Dáil debates

Friday, 25 October 2013

Social Welfare and Pensions Bill 2013: Committee and Remaining Stages

 

1:15 pm

Photo of Aengus Ó SnodaighAengus Ó Snodaigh (Dublin South Central, Sinn Fein) | Oireachtas source

That submission by FLAC had a very interesting quote from the programme for Government 2011-2016, which noted that "making greater use of mortgage interest supplement to support families who cannot meet their mortgage payments ... [is a] better and cheaper option than paying rent supplement after a family loses their home". The Minister has just taken away one of the supports available to some of the 180,000 people who have ended up in mortgage crisis, not all of whom would qualify for the mortgage interest supplement. Yesterday saw the publication of a report of the two thirds of local authority home loans which are in arrears, and the newspapers listed them in each county. That is the scale of it.
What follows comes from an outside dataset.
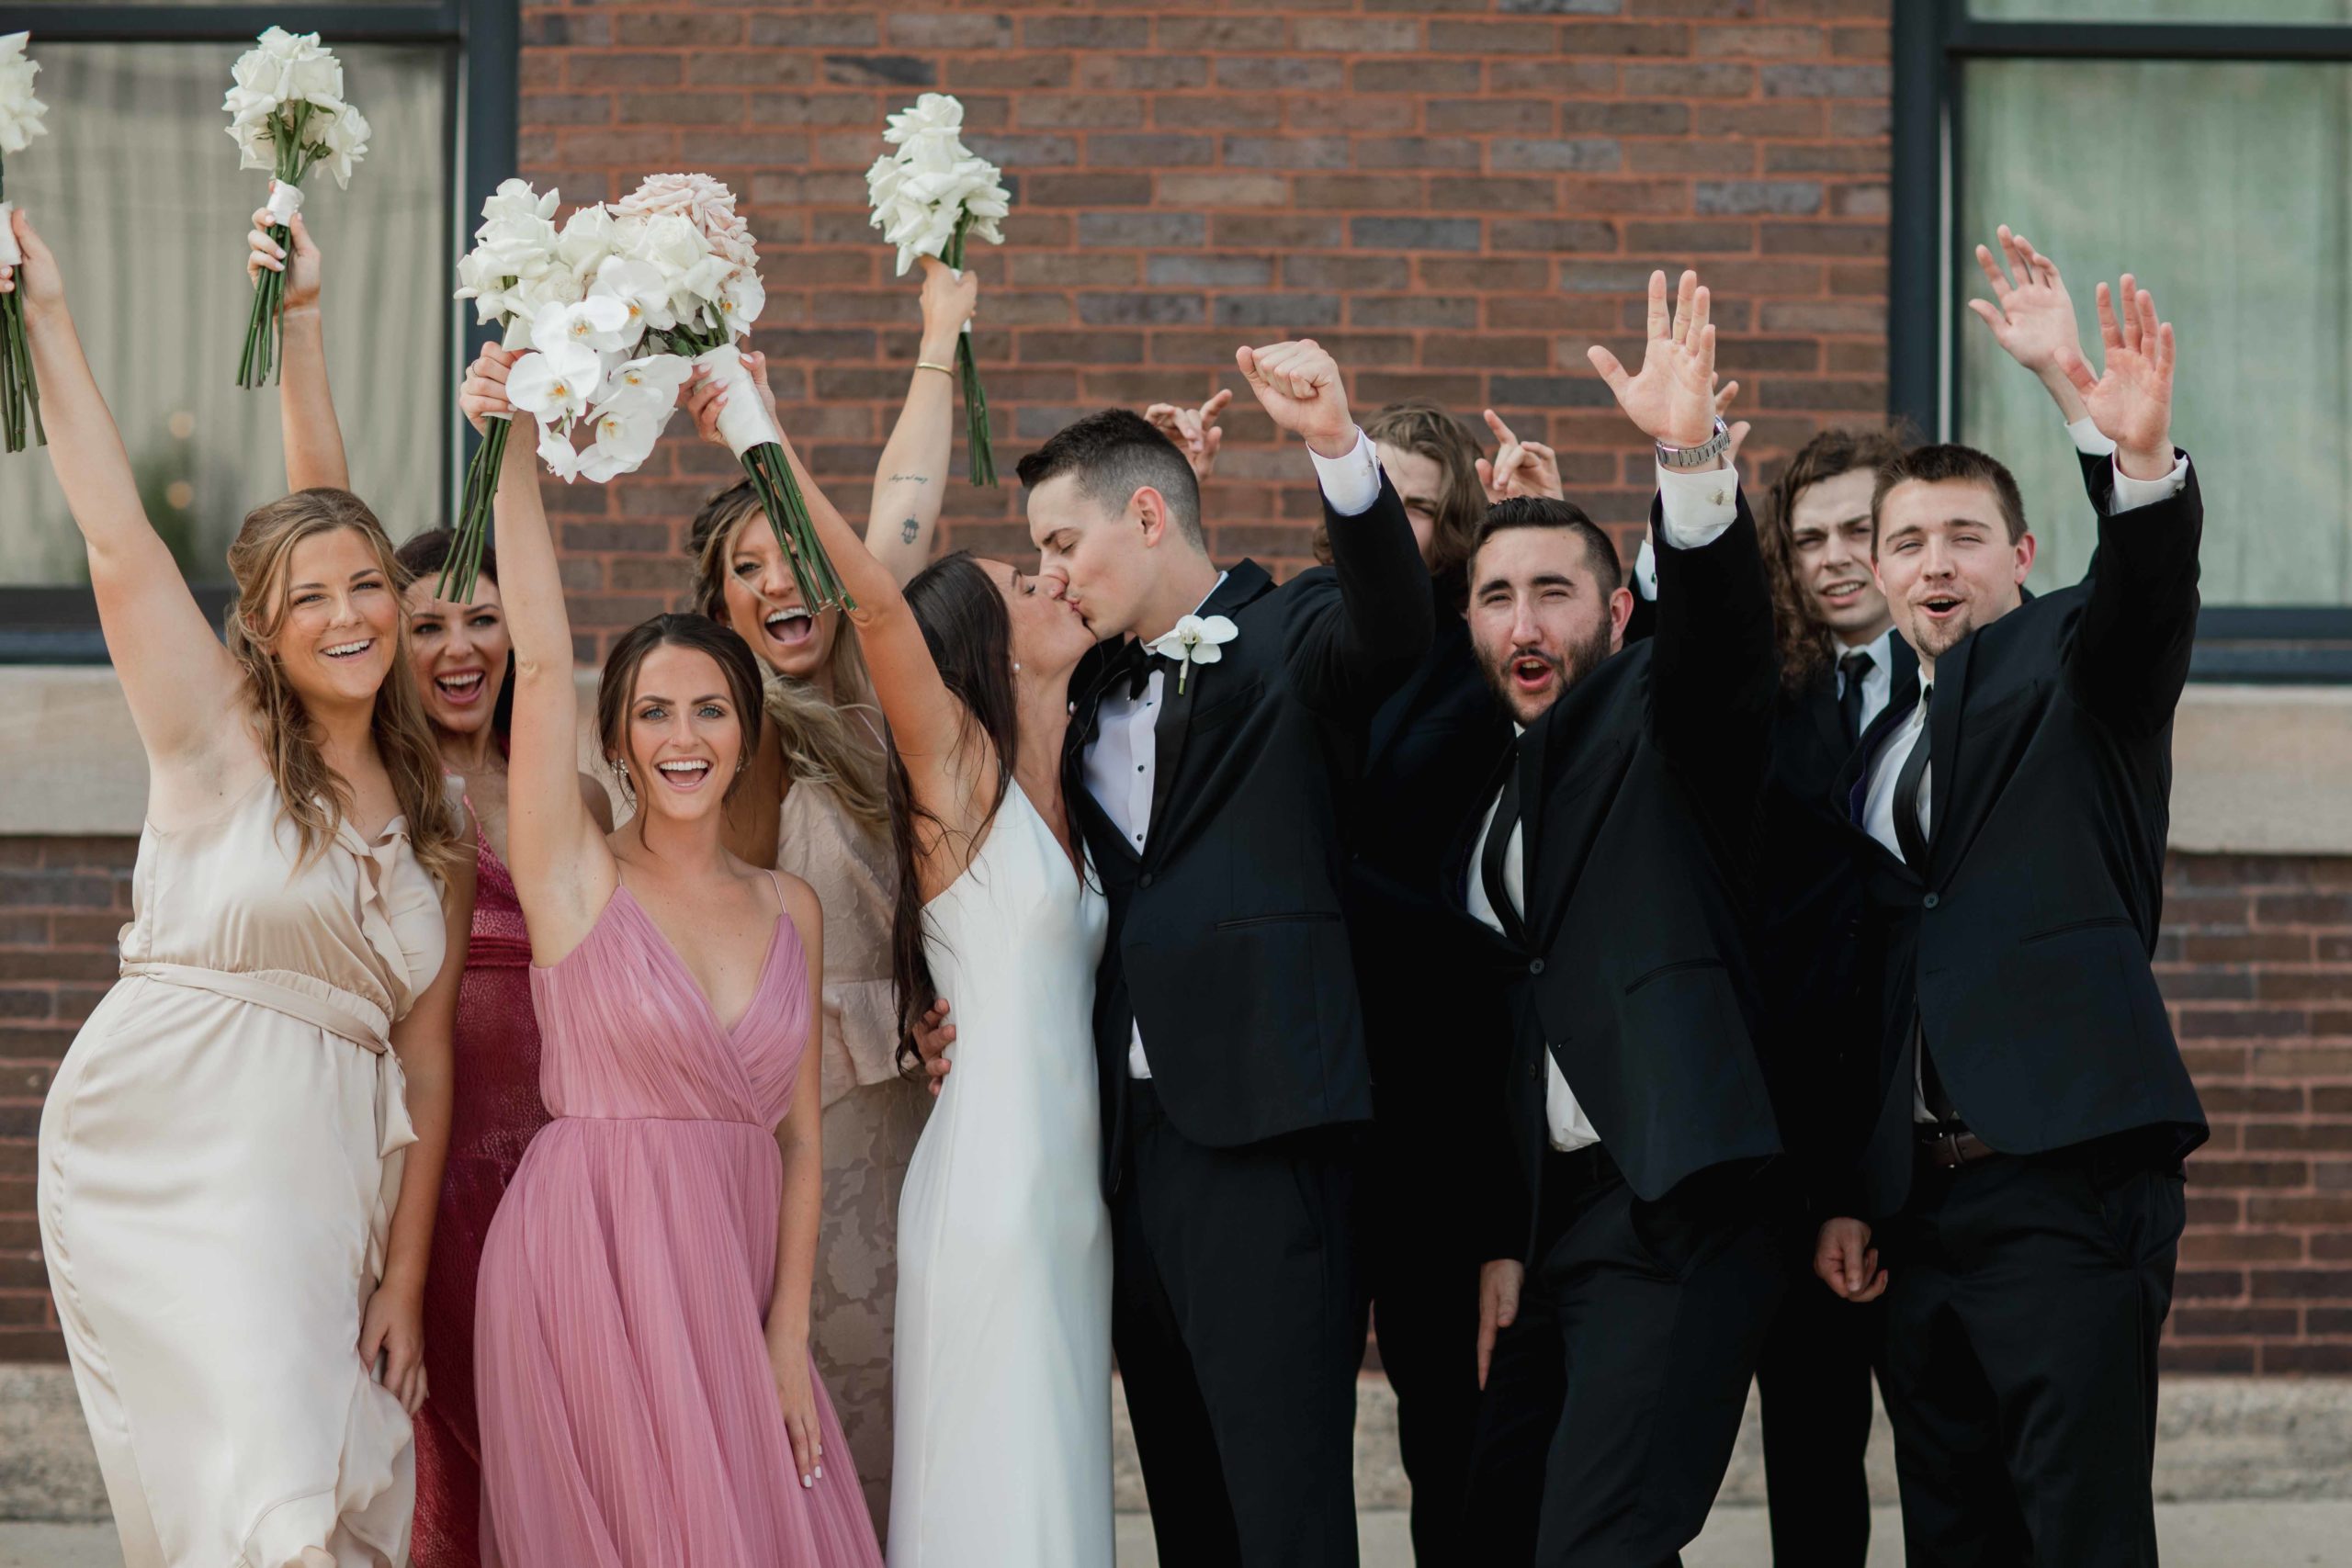 Company 251 Geneva Wedding Photographer bridal party cheering in front of building in Aurora Illinois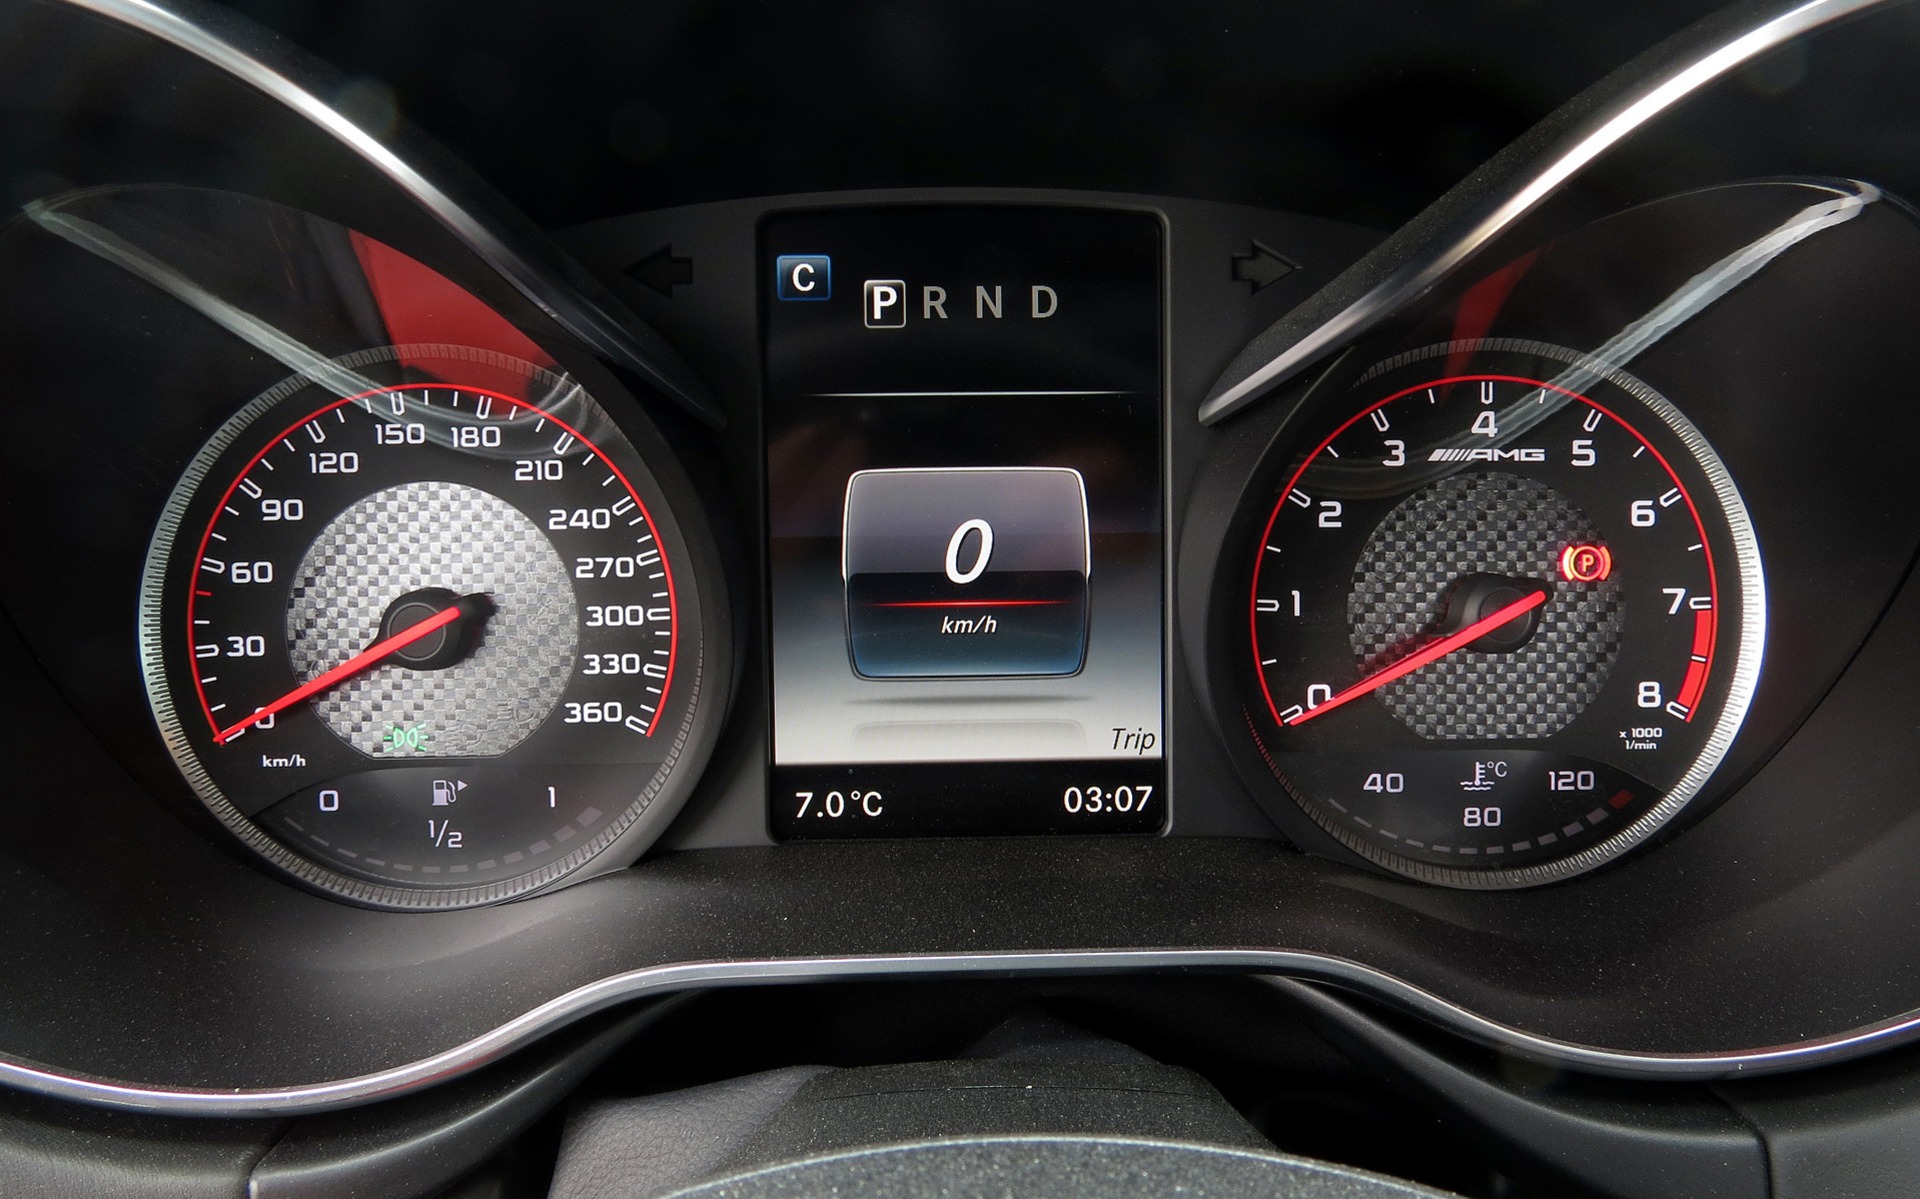 The large dials and clear displays are typical for AMG products.

The work is not there for people. The Minister might be correct in the logic that this was supposed to be a short-term scheme, but so is rent allowance yet she is not tackling that, but perhaps that is her plan next year. We have not seen sight of the HAP, which is the Minister's hapless scheme that she is supposedly bringing forward to address the rent allowance.

The abolition of mortgage interest supplement is contrary to the Minister's stated policy to try to work on solutions. The solutions on offer at the moment come down to the Government putting faith in the banks addressing the situation and offering solutions. Part of the solution offered by the banks is in repossession. The Central Bank set a target of 20% of offers to be made by the banks to mortgage holders in arrears of over 90 days. The banks have claimed that they have met that target, but it is only because those banks have issued 14,721 repossession letters in the last number of months, along with 2,439 requests for voluntary surrender in the same period. Clearly the banks are abusing a system which was flawed in the first place, and are not co-operating with the mortgage holders in the spirit of the mortgage arrears resolution process. I believe that the Minister is ahead of time, because we have not seen the banks engage properly in that mortgage resolution system. In the absence of proof of that, the only support that some people were able to rely on, or were hoping to rely on, was the mortgage interest supplement. The Minister last year changed the criteria to ensure that people were engaged with their banks for over a year before they would qualify, but I believe that people who engaged in the past year are now faced with the fact that the mortgage interest supplement will no longer exist by the time the 12 months are up. She held out a carrot to them and she withdrew it through this measure.

This is a retrograde step. Until there is a proper mortgage resolution process and until there is sufficient social housing in this country that people can fall back on in the event of them not being able to address their mortgage arrears, the Minister should withdraw this measure. It is a scandal that this is her response to those who are in this crisis.